What's this? Rutabaga


Root vegetables are some of the most maligned of ingredients known to humankind. And the most reviled of the maligned? The turnip. For centuries, spurned by the well-to-do, the bitter, round, hard root was the staple of many a poor European family. That sulfurous stink probably arouses a certain revulsion and shame in many of my generation and the one preceding it.

The turnip’s biggest problem is being in the wrong place at the wrong time. Alas, like Cinderella’s ugliest of step-sisters, the turnip is the last to be chosen. Because the turnip keeps well, we often turn to it only when the growing season is over. Unfortunately, by this time, it’s past its prime. Precisely at the moment we are enjoying the delicacies of Spring or finishing up the last of Autumn’s offerings is when we should try the turnip. The gentle temperatures of Spring and Autumn produces one that's sweet and tender far from the hardened Winter variety.

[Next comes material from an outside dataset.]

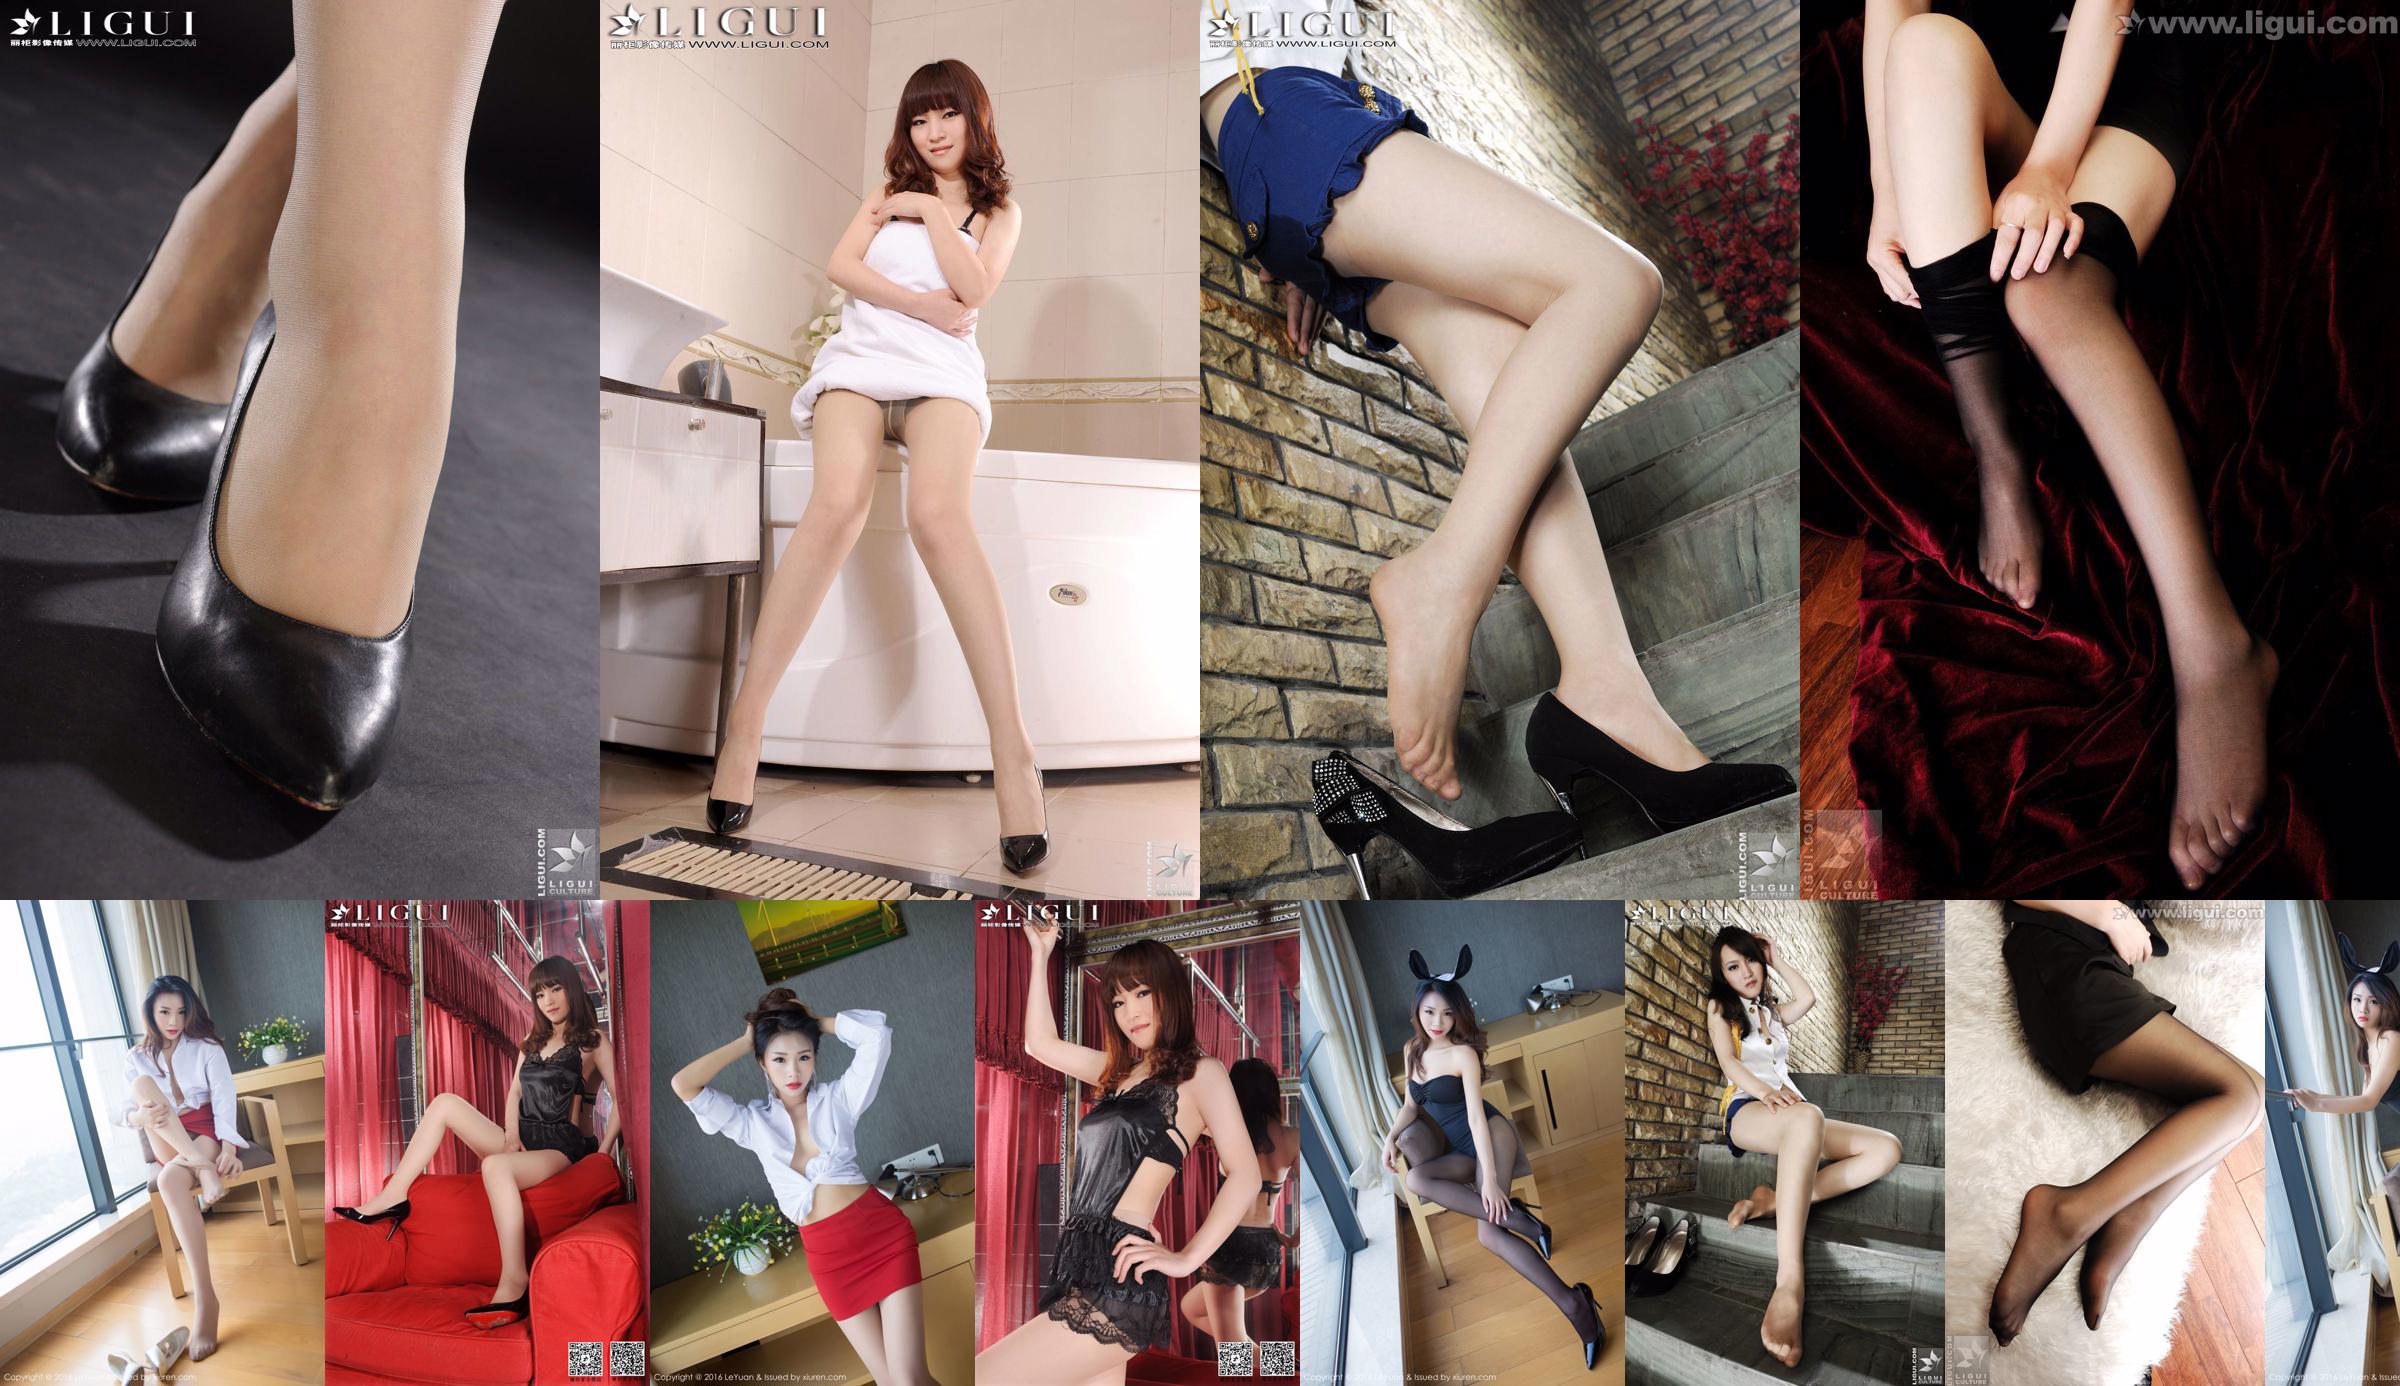 Model Tina "Lace Dudou + Meat Stockings Feet" Complete Works [丽柜贵足LiGui] Beautiful legs and jade feet photo pictures No.a28a76 Page 1

The turnip’s best chance to change its image is by association with its cousin the rutabaga. Unlike the turnip, the rutabaga, is at its best in early Winter after a period of cold weather has revealed its true sweetness. The rutabaga, or yellow turnip, is a cross between a cabbage and the homely turnip. It can range in size between that of a golf ball and a soft ball and is yellowish in hue shading into fuschia at the root end. While it does have the characteristically turnip-y aroma, it’s balanced by an earthy sweetness. One can only hope that more people will try the rutabaga for the Winter months leaving the turnip alone until its time to shine. Here's a recipe that should engender some love and respect for the rutabaga. Easier than cooking and mashing potatoes, this puree is sweet, mellow and earthy – a perfect counterpoint to pork or roast chicken.


Rutabaga Puree with Crème Fraiche & Horseradish
Serves 2

3 small rutabagas
1/3 cup crème fraiche
1 teaspoon drained, prepared horseradish
½ teaspoon sea salt

METHOD: Peel and quarter the rutabagas. Place them in a medium saucepan and cover with cold water. Toss in a firm pinch of kosher salt. Bring to a boil and simmer until tender when pierced with a knife, approximately 20 minutes. Remove the rutabagas from the water to the bowl of a food processor. Puree until smooth. Add crème fraiche, horseradish and salt.


  1. I love rutabega! It's one of my favorite foods. Thanks for your post to enlighten the rest of the world about its many merits. I have to say though, you didn't do great PR for it with the first frankenstein beauty shot. A nice shot with the purple-y, creme waxy skin would have been easier on the eye. I have eaten it since I was a child--my grandma would serve it mashed with butter and brown sugar, which is how my family enjoys it today. It is best in the fall or winter--with roast beef,chicken or turkey (thanksgiving!). Yum. Long live the rutabega!

  2. It was what arrived in my vegetable box, not the lovely purple tinged variety, but the homely yellow one.